DATA SHOWN —
*-*-*

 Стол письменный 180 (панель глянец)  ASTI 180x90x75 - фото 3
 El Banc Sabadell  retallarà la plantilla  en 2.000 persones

*-*-*

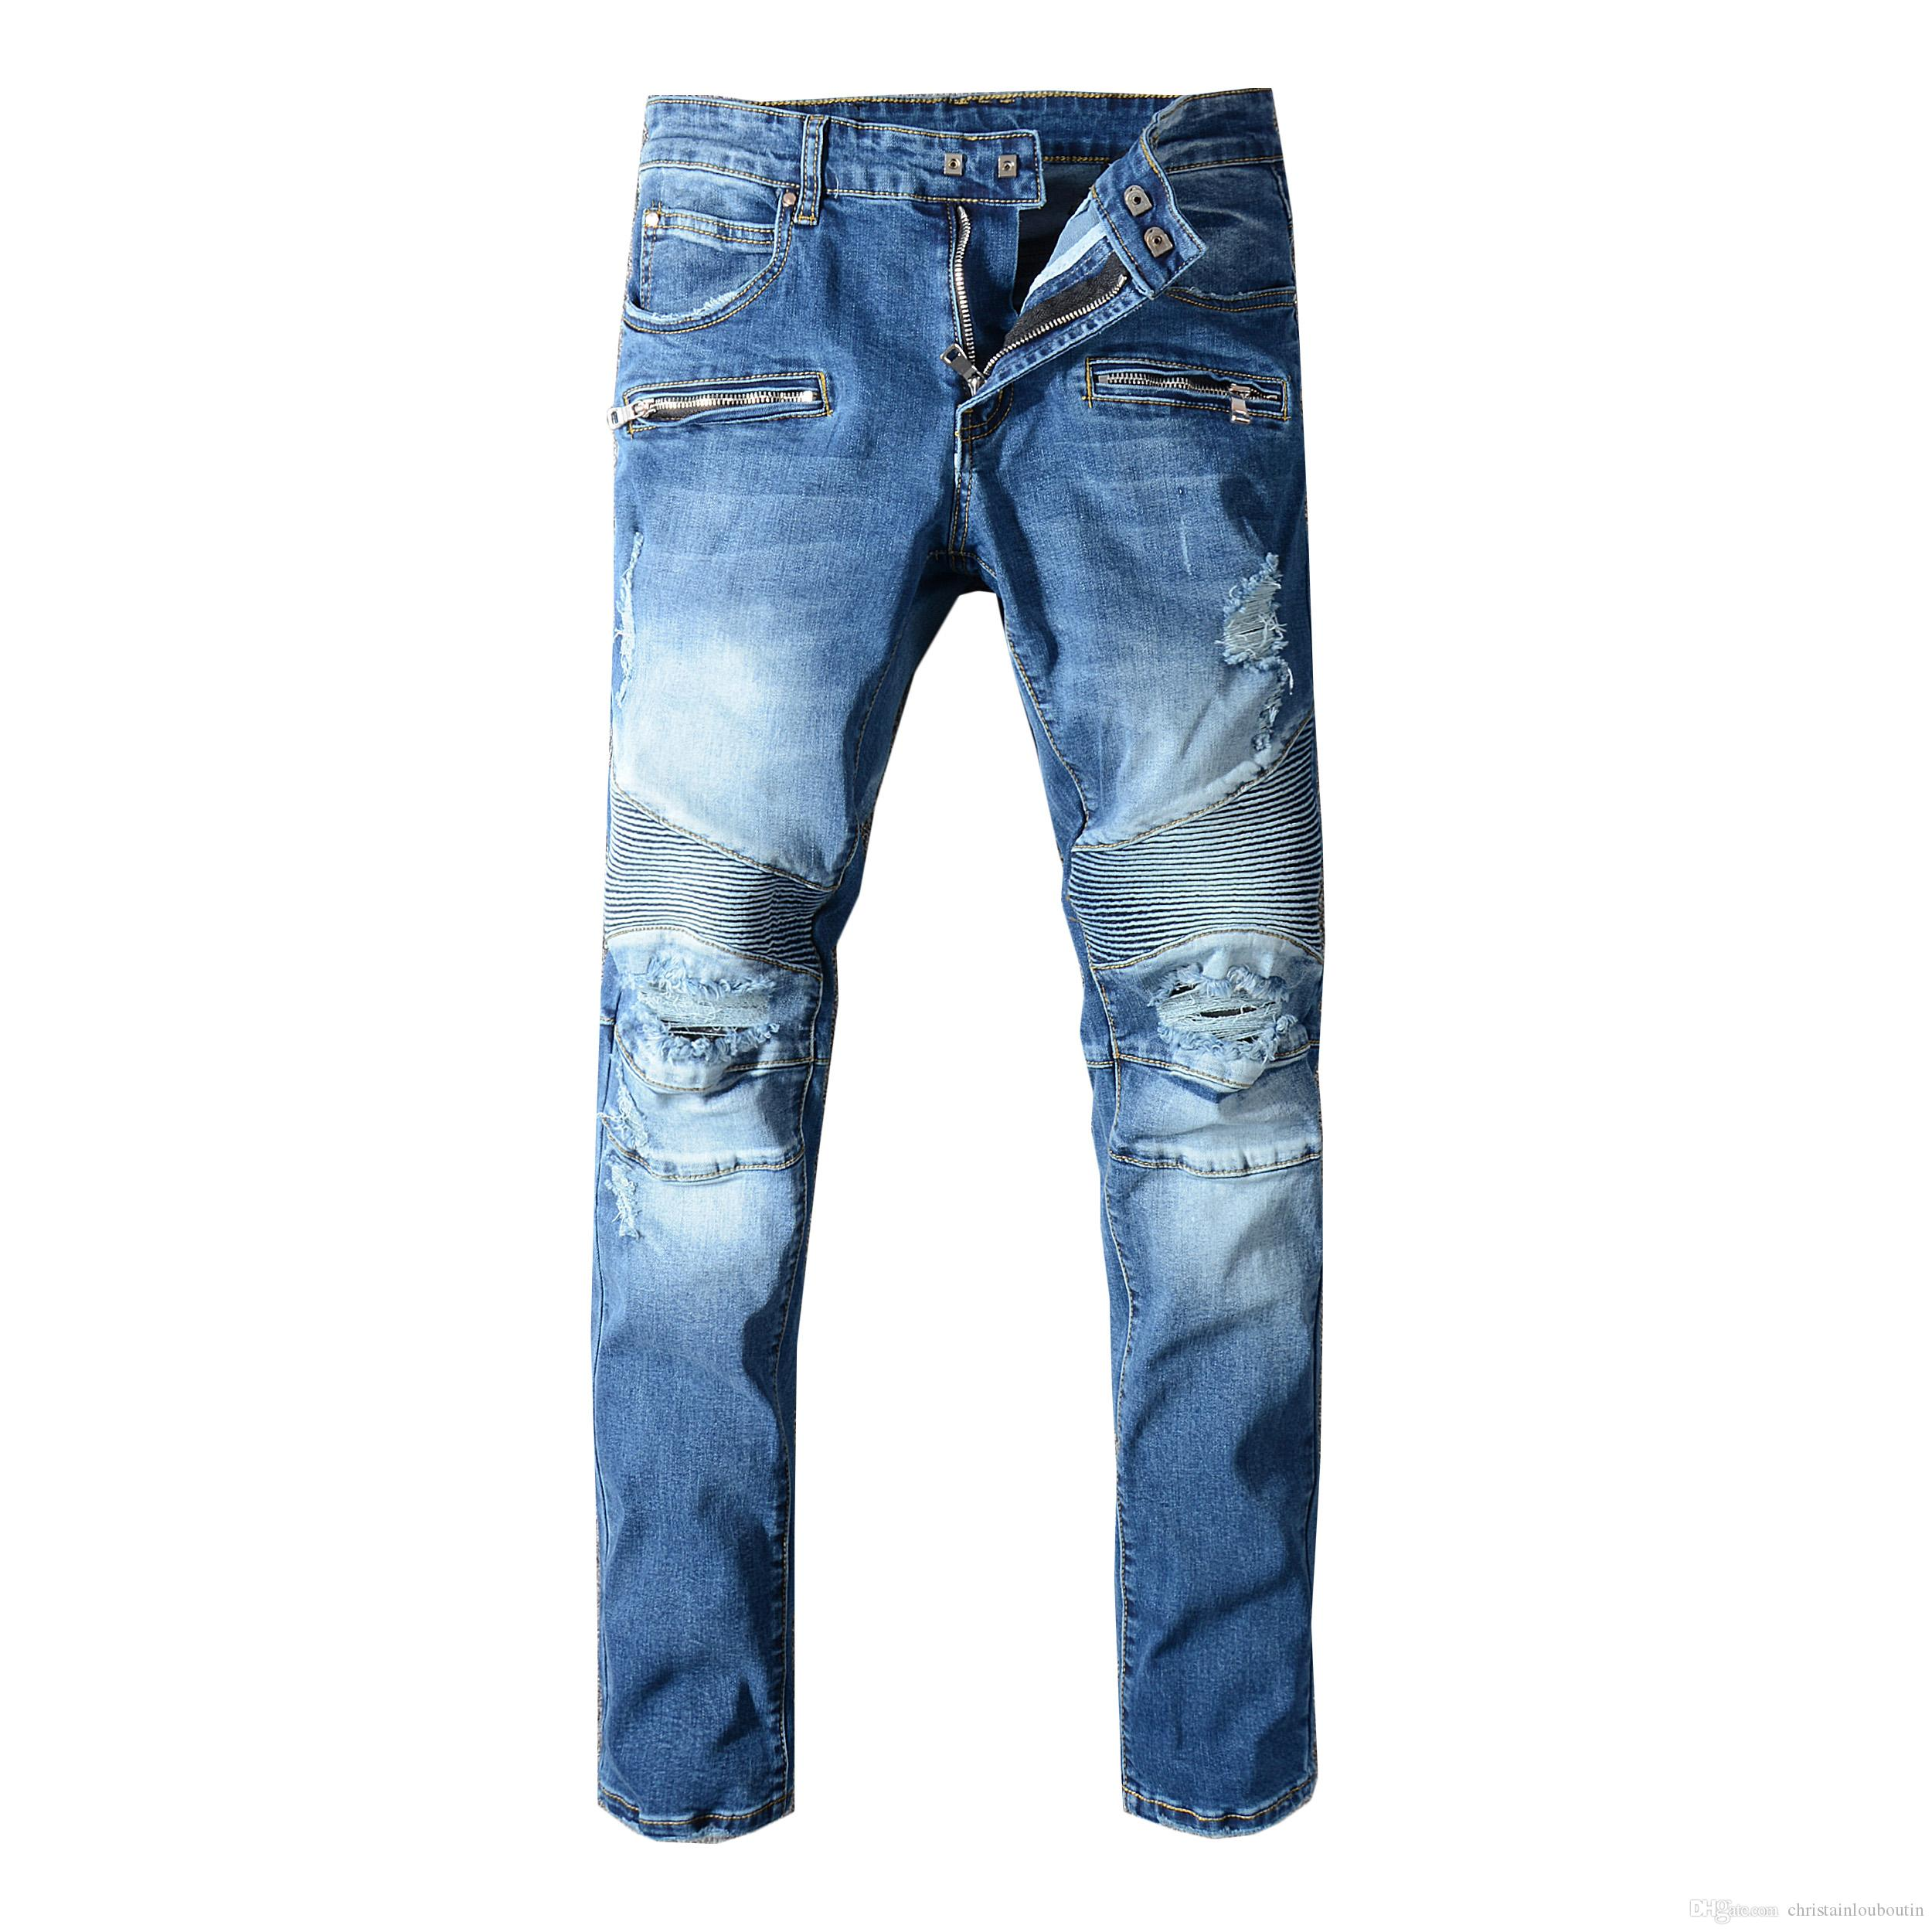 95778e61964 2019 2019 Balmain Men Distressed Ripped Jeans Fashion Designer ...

*-*-*

WHAT YOU NEED TO DO —
Your answer should consist of the lines from the line with "Стол письменный 180" to the line with "El Banc Sabadell" above, repeated exactly, both ends included.

EXERCISE SOLUTION —
 Стол письменный 180 (панель глянец)  ASTI 180x90x75 - фото 3
 El Banc Sabadell  retallarà la plantilla  en 2.000 persones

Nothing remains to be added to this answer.